WORK TO BE COMPLETED: Although the material holds pictures, none belong in the copy; transcribe exactly, and only, the lines from the one with "A spider Halloween decoration on the ground" through the end.

GIVEN DATA:
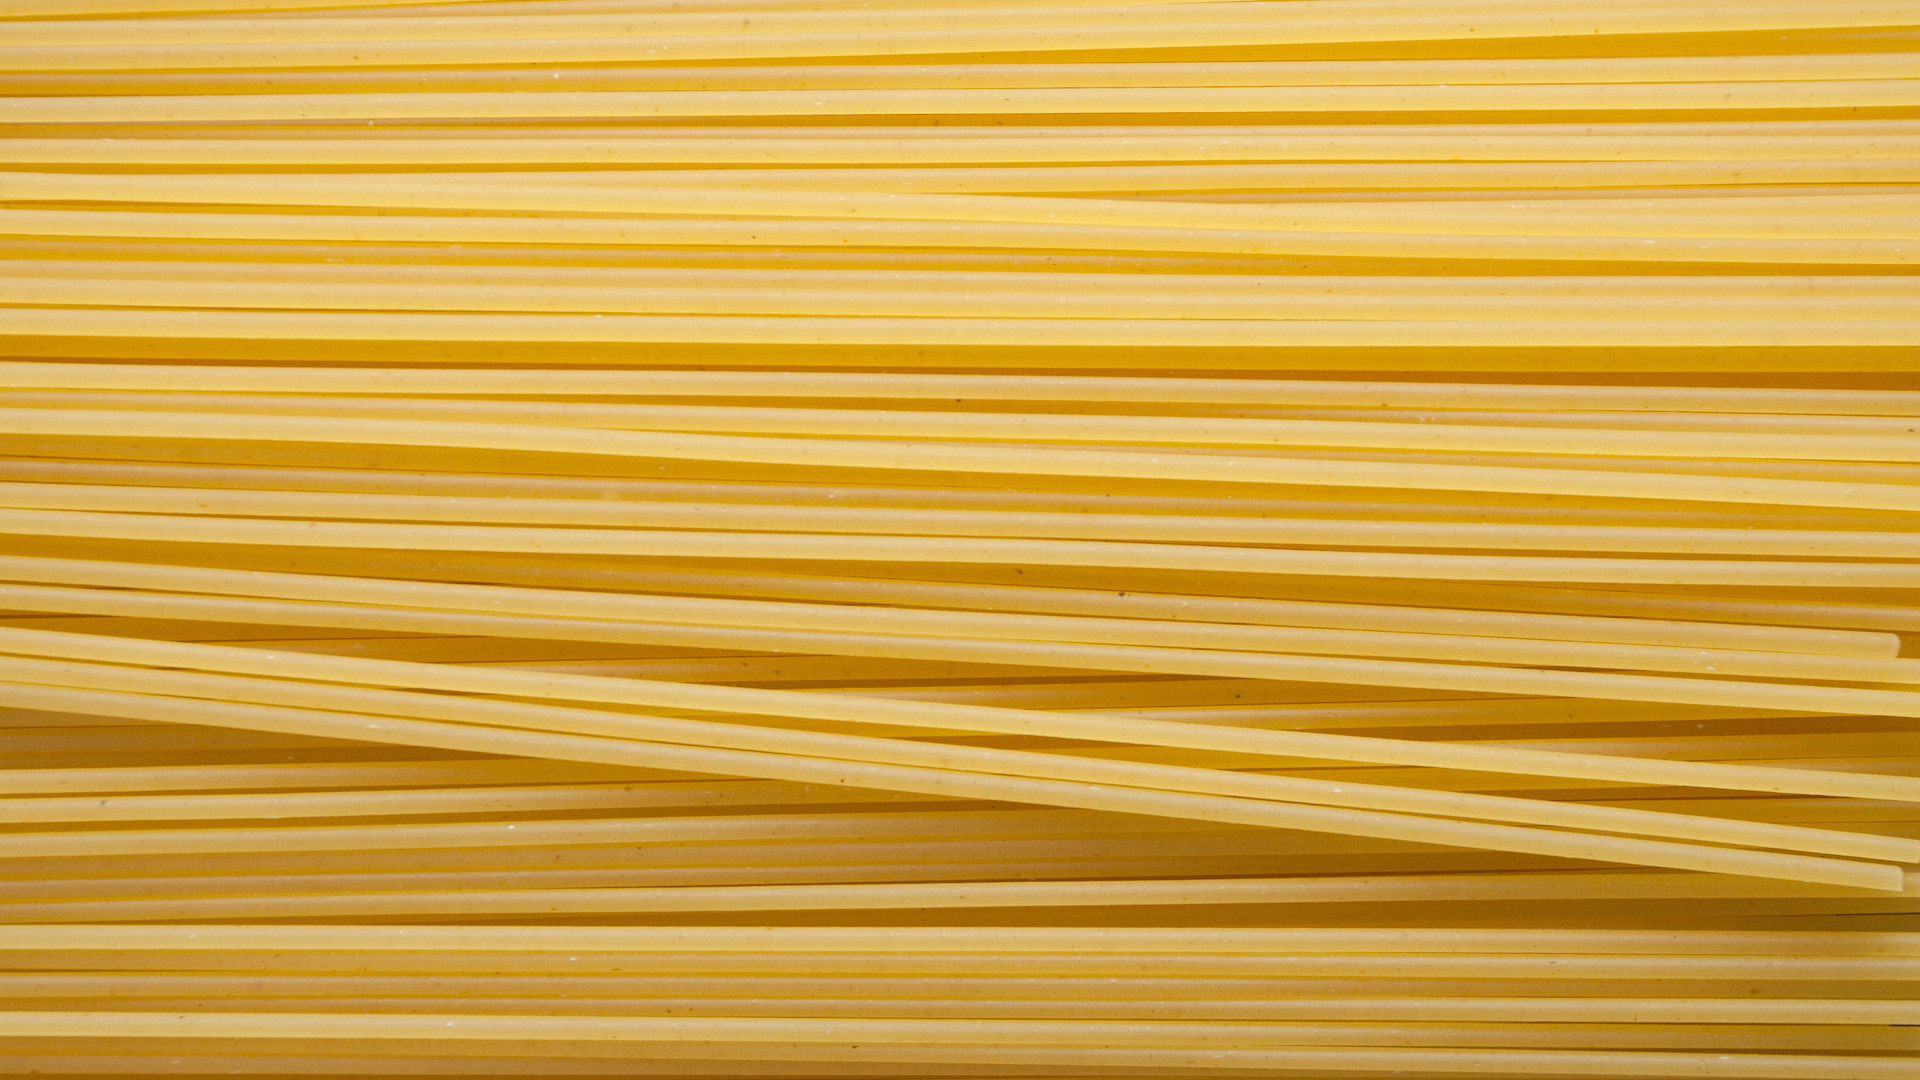 Strands of uncooked spaghetti
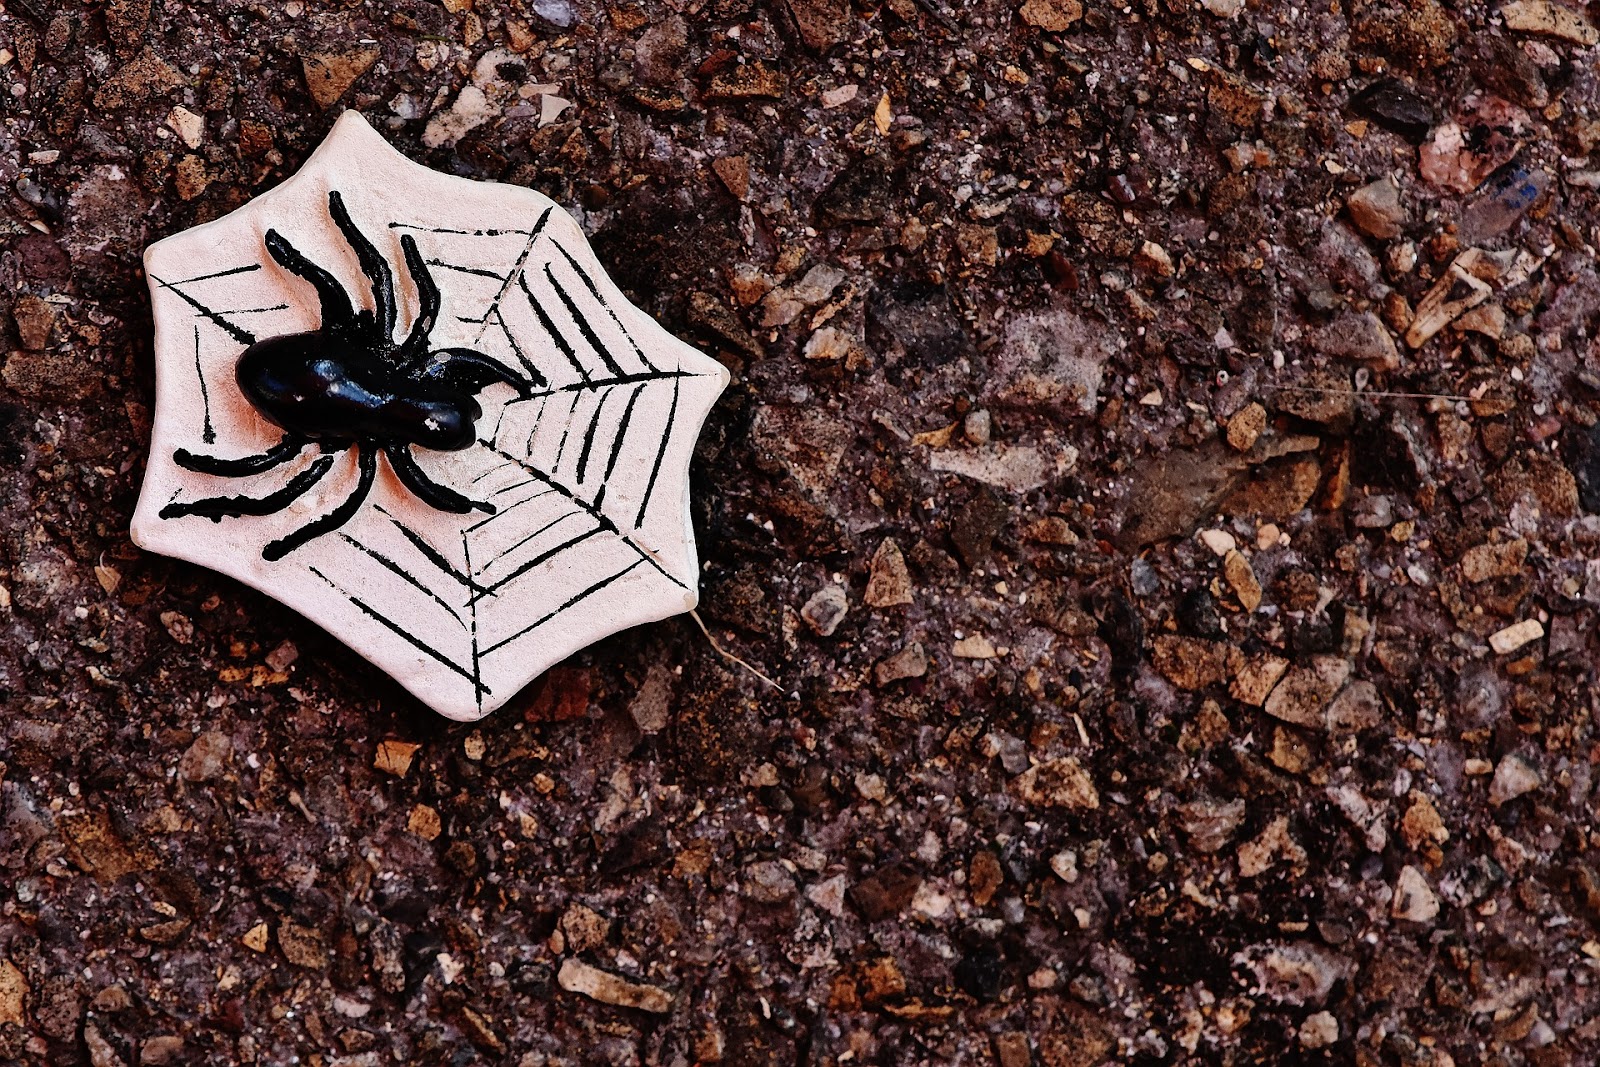 A spider Halloween decoration on the ground
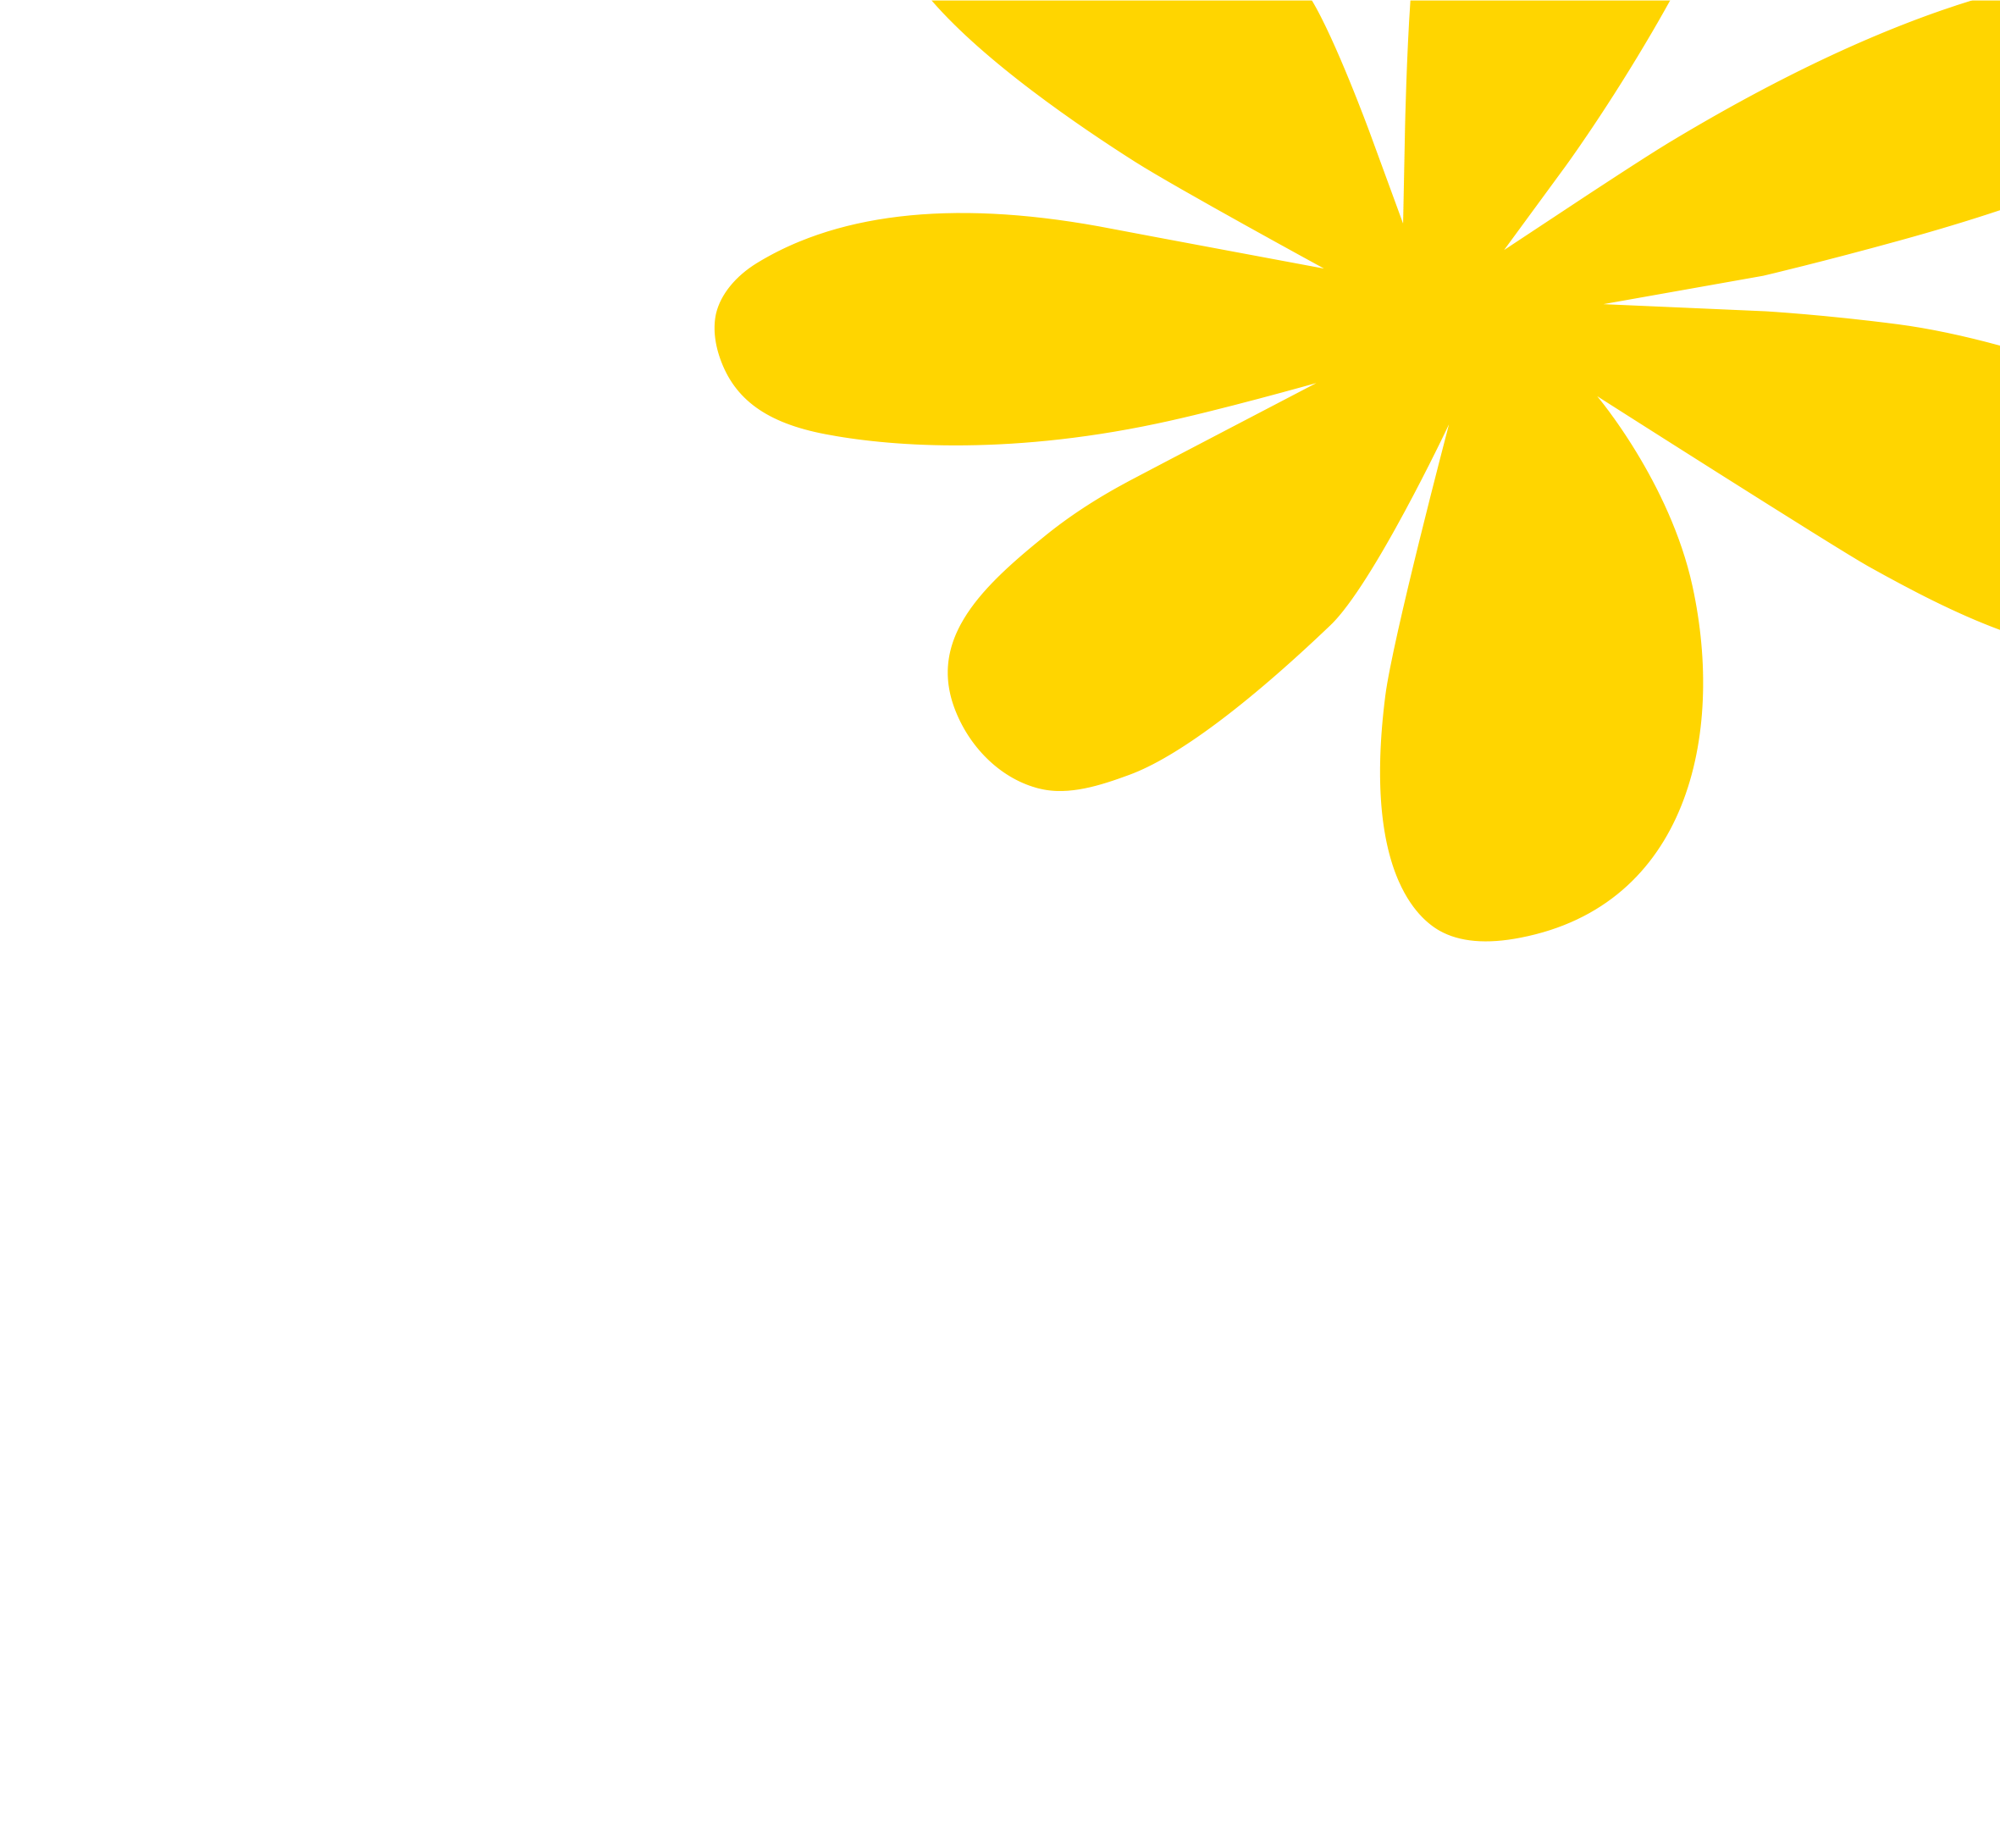 camping flower auvergne

YOUR SOLUTION:
 A spider Halloween decoration on the ground
 camping flower auvergne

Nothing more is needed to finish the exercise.